A l’initiative de plusieurs institutions romandes: Eben-Hézer(Lausanne), l’Espérance (Etoy), la FOVAHM (Valais) et la Fondation Clair Blois (Genève), une enquête a été réalisée par Martine Rouiller, puis produite à l’imprimerie des Maisons des Chavannes, sous la forme d’un coffret qui regroupe des fiches de présentation des œuvres et des artistes.

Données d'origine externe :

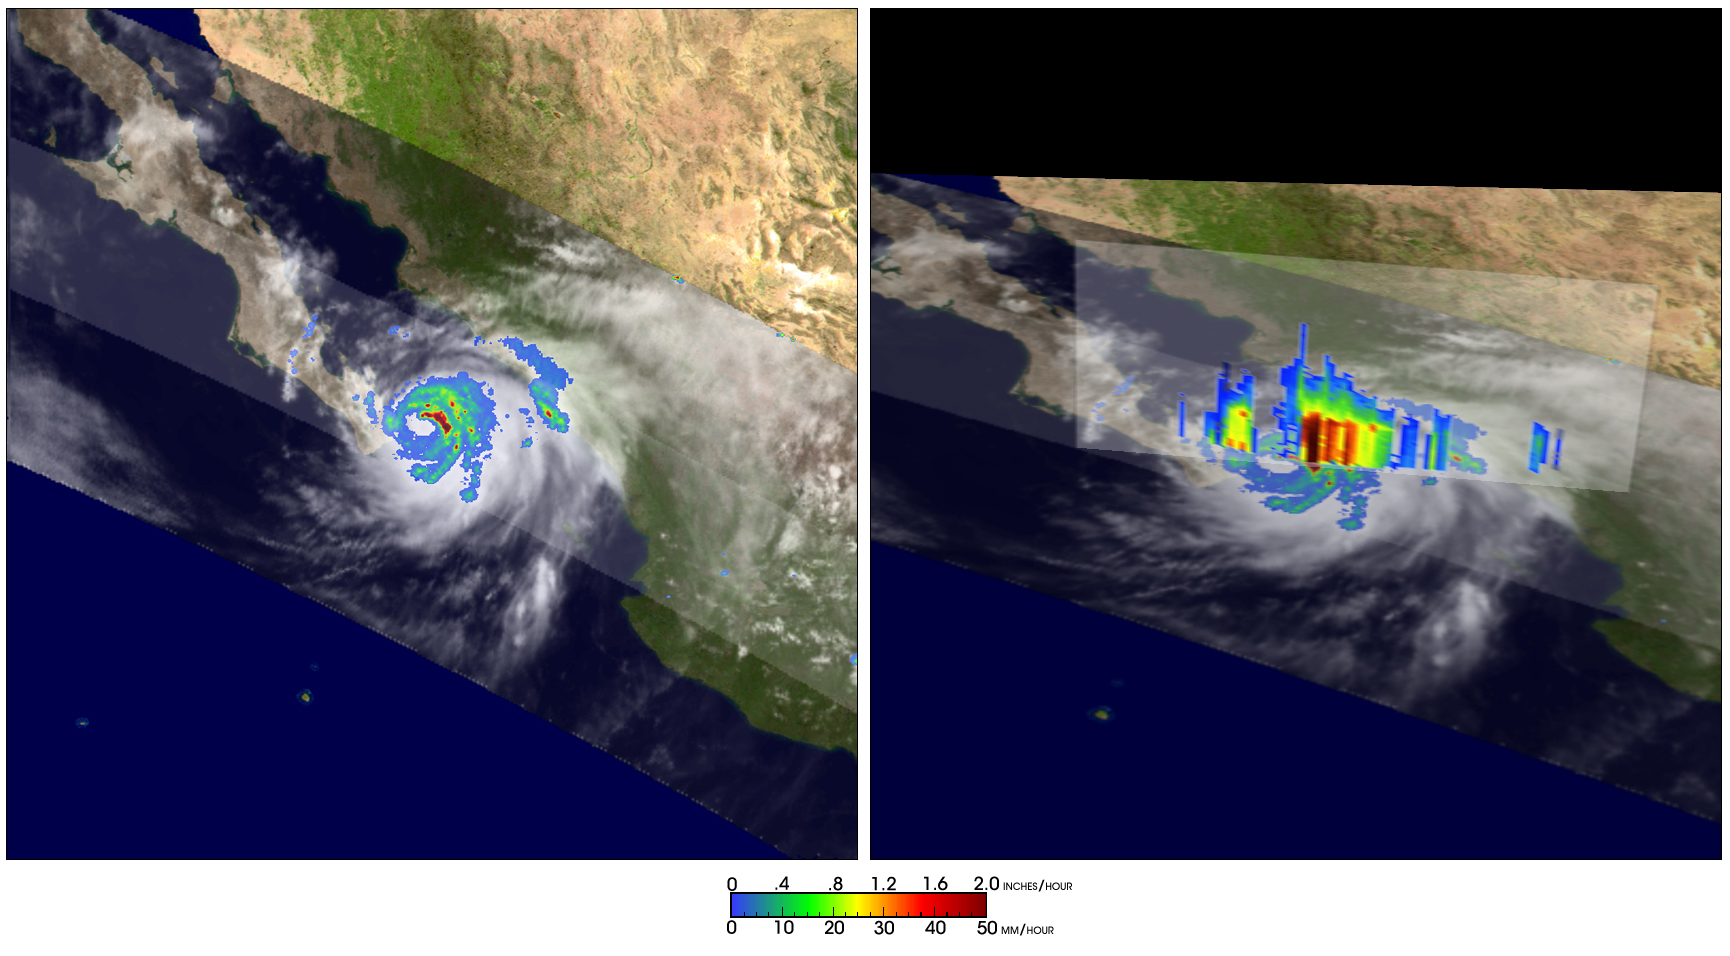 Hurricane Ignacio - related image preview

L’expérience de la FOVAHM rapportée en atelier mérite d’être soulignée pour sa grande cohérence. La Fondation avait pour objectif de créer un atelier artistique, aussi a-t-elle ouvert le projet sous la forme d’un concours. Chaque résident a ainsi pu soumettre un portfolio et a été retenu en fonction de la qualité de ses productions et de sa motivation pour constituer l’équipe de St-Maurice. Dans le coffret, l’atelier ne se présente pas en tant que tel, mais les portraits des artistes qui l’occupent s’articulent autour des œuvres qui définissent leur style. Une opportunité de choix enfin, dans la possibilité d’exposer à la Fondation Gianadda l’été prochain, a été réservée à un artiste spécialement sélectionné pour l’événement. Le risque était de tenter de placer l’ensemble, ce qui aurait moins été une reconnaissance du parcours artistique que du handicap. Ce qui a fait dire au directeur de la Fondation, Jean-Marc Dupont, à propos du coffret Mir’arts: «Des galeries devraient faire leur choix sur la base du recto des fiches!», autrement dit sur la seule présentation des œuvres et pas sur le fait que celles-ci ont été réalisées par une personne en situation de handicap...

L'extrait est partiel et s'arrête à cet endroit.